Compared to IV cyclophosphamide, MMF is probably associated with decreased alopecia (RR 0.29, 95% CI 0.19 to 0.46; 170 less (129 less to 194 less) per 1000 people) (moderate certainty evidence), increased diarrhoea (RR 2.42, 95% CI 1.64 to 3.58; 142 more (64 more to 257 more) per 1000 people) (moderate certainty evidence) and may have made little or no difference to major infection (RR 1.02, 95% CI 0.67 to 1.54; 2 less (38 less to 62 more) per 1000 people) (low certainty evidence). It is uncertain if MMF decreased ovarian failure compared to IV cyclophosphamide because the certainty of the evidence was very low (RR 0.36, 95% CI 0.06 to 2.18; 26 less (39 less to 49 more) per 1000 people). Studies were not generally designed to measure ESKD.

MMF combined with tacrolimus may have increased complete disease remission (RR 2.38, 95% CI 1.07 to 5.30; 336 more (17 to 1048 more) per 1000 people (low certainty evidence) compared with IV cyclophosphamide, however the effects on alopecia, diarrhoea, ovarian failure, and major infection remain uncertain.
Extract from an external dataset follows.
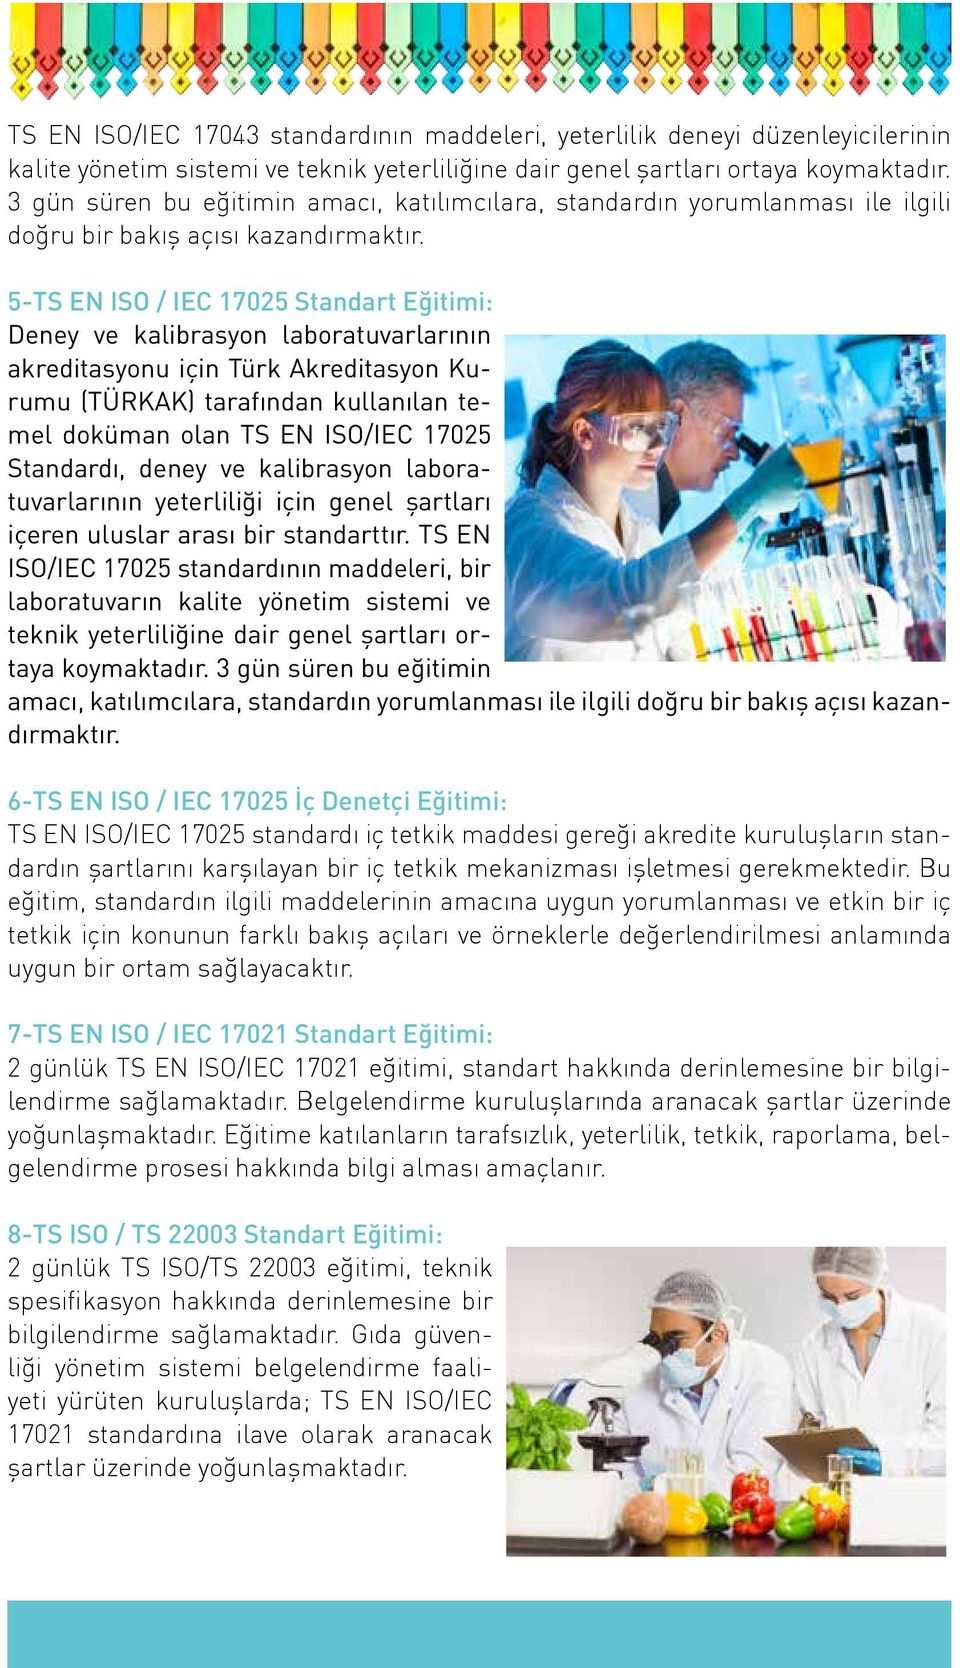 5-TS EN ISO / IEC 17025 Standart Eğitimi: Deney ve kalibrasyon laboratuvarlarının akreditasyonu için Türk Akreditasyon Kurumu (TÜRKAK) tarafından kullanılan temel doküman olan TS EN ISO/IEC 17025

Compared to standard of care, the effects of biologics on most outcomes were uncertain because of low to very low certainty of evidence.

Maintenance therapy

Nine studies (767 participants; median 30 months duration (range 6 to 63 months)) reported maintenance therapy. In maintenance therapy, disease relapse is probably increased with azathioprine compared with MMF (RR 1.75, 95% CI 1.20 to 2.55; 114 more (30 to 236 more) per 1000 people (moderate certainty evidence). Multiple other interventions were compared as maintenance therapy, but patient-outcome data were sparse leading to imprecise estimates.